With midterm elections right around the corner, Grand Rapids attorney, Tom Sinas, explains Michigan’s Proposition 2, which is on the ballot next week and proposes an updated method for redistricting.
Michigan’s Current State of Redistricting Laws
Right now in Michigan, there’s a true intersection of law and politics with regard to how we draw our legislative districts. These laws are somewhat vague and loose. District lines are currently drawn by the political party that’s in power when redistricting occurs, which is every 10 years, with the next redrawing coming up in 2021.
While Michigan has a few basic laws regarding redistricting, there are also several federal laws that govern redistricting. These laws state redistricting can’t be used to discriminate against people and that a state must have equal numbers of people in the districts. Neither state nor federal regulations prevent oddly shaped districts, leaving that up to the political party in power at the time.

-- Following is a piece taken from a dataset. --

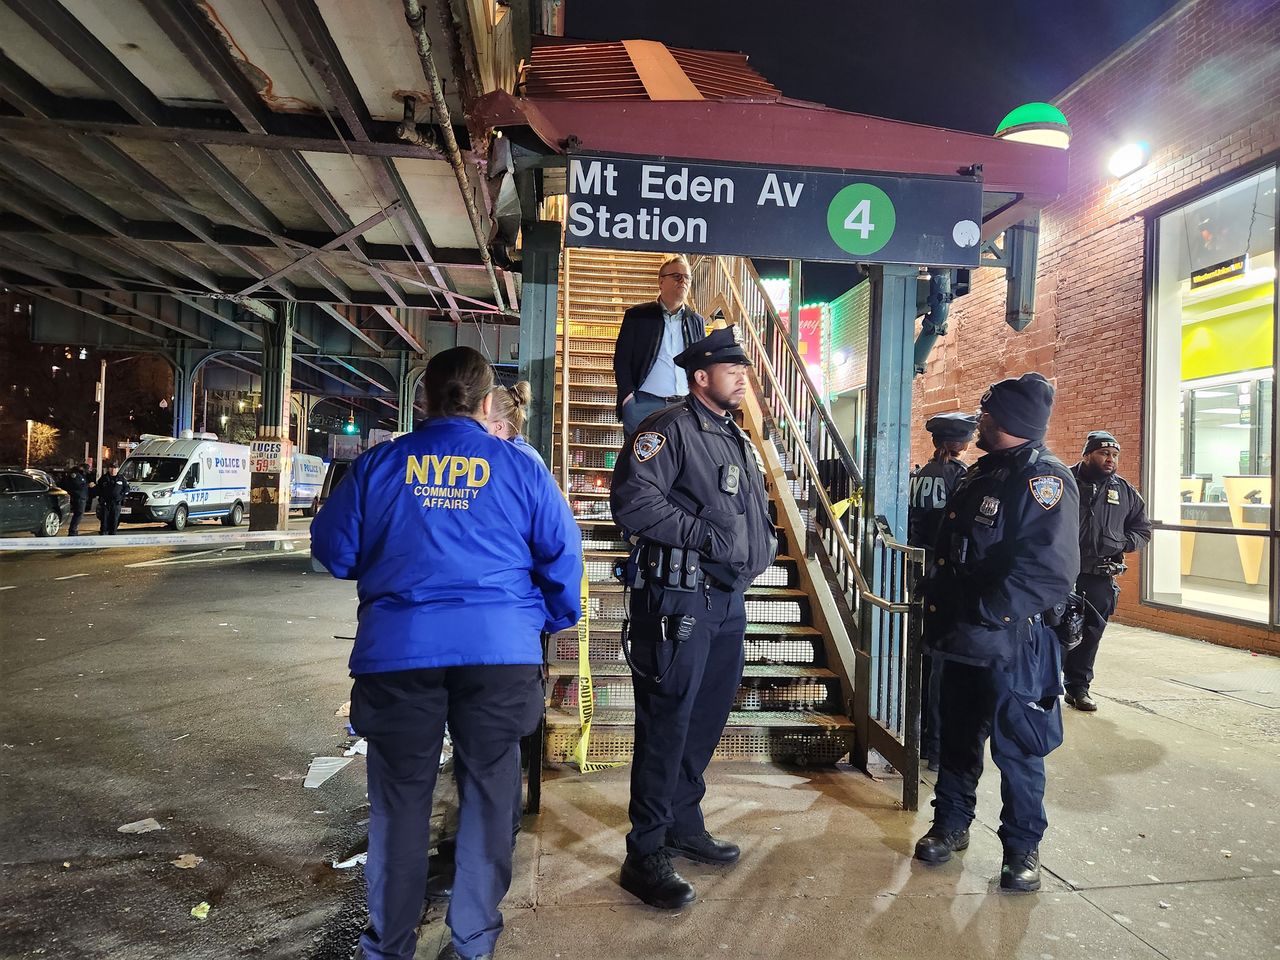 New York subway shooting, one death and five injuries

History of Michigan Prop 2
This summer, a case made its way all the way to the Michigan Supreme Court begging one question: is it legally appropriate to put the question of redistricting before Michigan voters at the midterms? And the majority of the Supreme Court decided yes, this is a question that should go on a ballot proposal.
Redistricting and What You Should Know
If passed on November 6, Proposition 2 will give an independent commission control over drawing new legislative districts instead of leaving it up to politicians. This commission would be made of 13 citizens appointed by the Secretary of State, composed of five independents, four Democrats, and four Republicans. The commission will be tasked with drawing new legislative maps. Michigan Prop 2 also includes some provisions the citizen commission must abide by. For example, maps must not be drawn disproportionately in favor of one political party over another.
Only time will tell if we’ll stick with the current method of redistricting in Michigan or vote in a new means to draw these district lines.